Comparison of fine-tuning strategies for transfer learning in medical image classification
Ana Davila, Jacinto Colan, Yasuhisa Hasegawa
TL;DR
This study systematically compares eight fine-tuning strategies for transferring pre-trained CNNs to medical image classification across six datasets spanning X-ray, MRI, histology, dermoscopy, and endoscopy. Using three backbones—ResNet-50, DenseNet-121, and VGG-19—the authors show that no single method is universally optimal; linear probing is often weak, while LP-FT and Auto-RGN frequently yield robust gains, with DenseNet-121 particularly benefiting from non-standard fine-tuning approaches. Auto-RGN can deliver notable improvements, up to around 11% in some modalities, by dynamically adjusting per-layer learning rates.

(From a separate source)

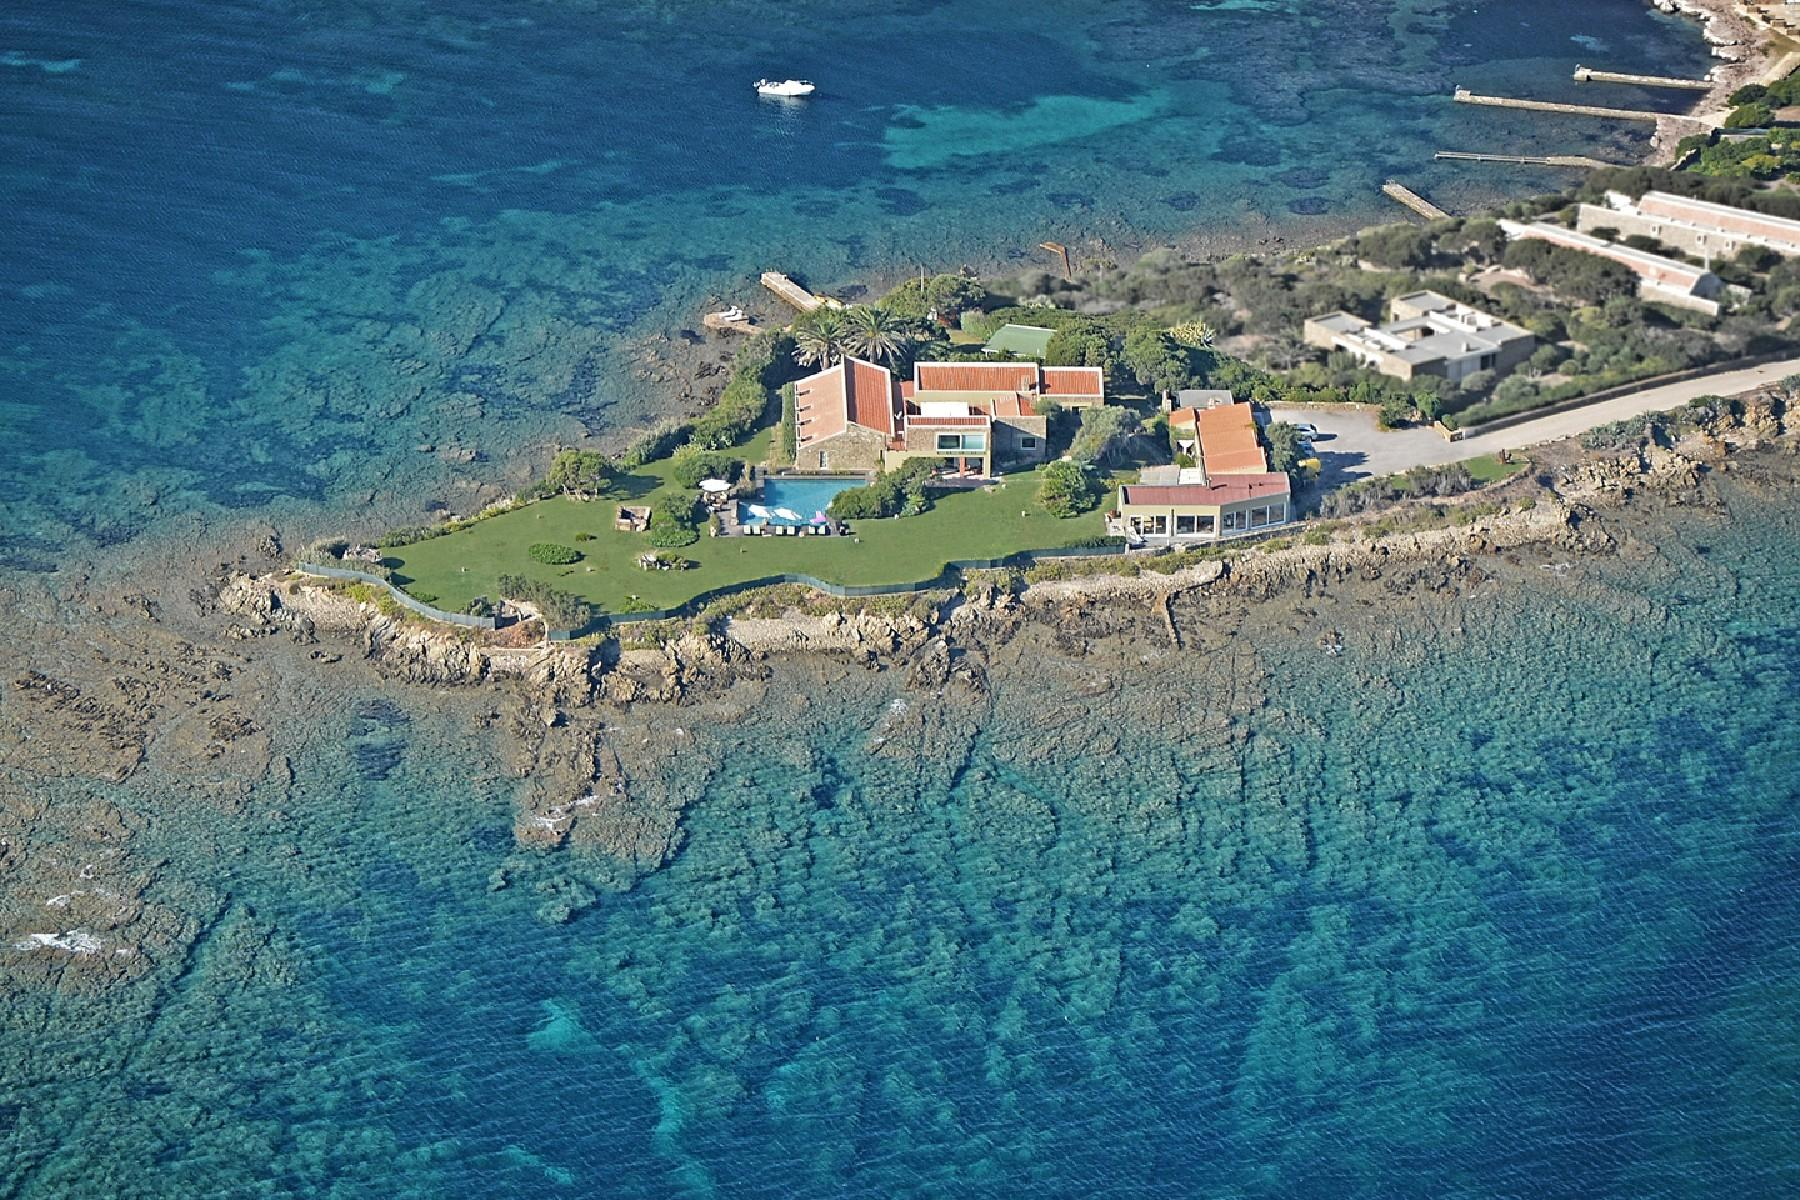 Pieds-dans-l'eau Villa auf einer privaten Halbinsel - 2

The findings provide practical guidance for practitioners seeking effective transfer learning strategies in diverse medical imaging tasks and point to opportunities for expanding analyses with additional architectures and fine-tuning methods.
Abstract
In the context of medical imaging and machine learning, one of the most pressing challenges is the effective adaptation of pre-trained models to specialized medical contexts. Despite the availability of advanced pre-trained models, their direct application to the highly specialized and diverse field of medical imaging often falls short due to the unique characteristics of medical data. This study provides a comprehensive analysis on the performance of various fine-tuning methods applied to pre-trained models across a spectrum of medical imaging domains, including X-ray, MRI, Histology, Dermoscopy, and Endoscopic surgery. We evaluated eight fine-tuning strategies, including standard techniques such as fine-tuning all layers or fine-tuning only the classifier layers, alongside methods such as gradually unfreezing layers, regularization based fine-tuning and adaptive learning rates. We selected three well-established CNN architectures (ResNet-50, DenseNet-121, and VGG-19) to cover a range of learning and feature extraction scenarios. Although our results indicate that the efficacy of these fine-tuning methods significantly varies depending on both the architecture and the medical imaging type, strategies such as combining Linear Probing with Full Fine-tuning resulted in notable improvements in over 50% of the evaluated cases, demonstrating general effectiveness across medical domains. Moreover, Auto-RGN, which dynamically adjusts learning rates, led to performance enhancements of up to 11% for specific modalities. Additionally, the DenseNet architecture showed more pronounced benefits from alternative fine-tuning approaches compared to traditional full fine-tuning. This work not only provides valuable insights for optimizing pre-trained models in medical image analysis but also suggests the potential for future research into more advanced architectures and fine-tuning methods.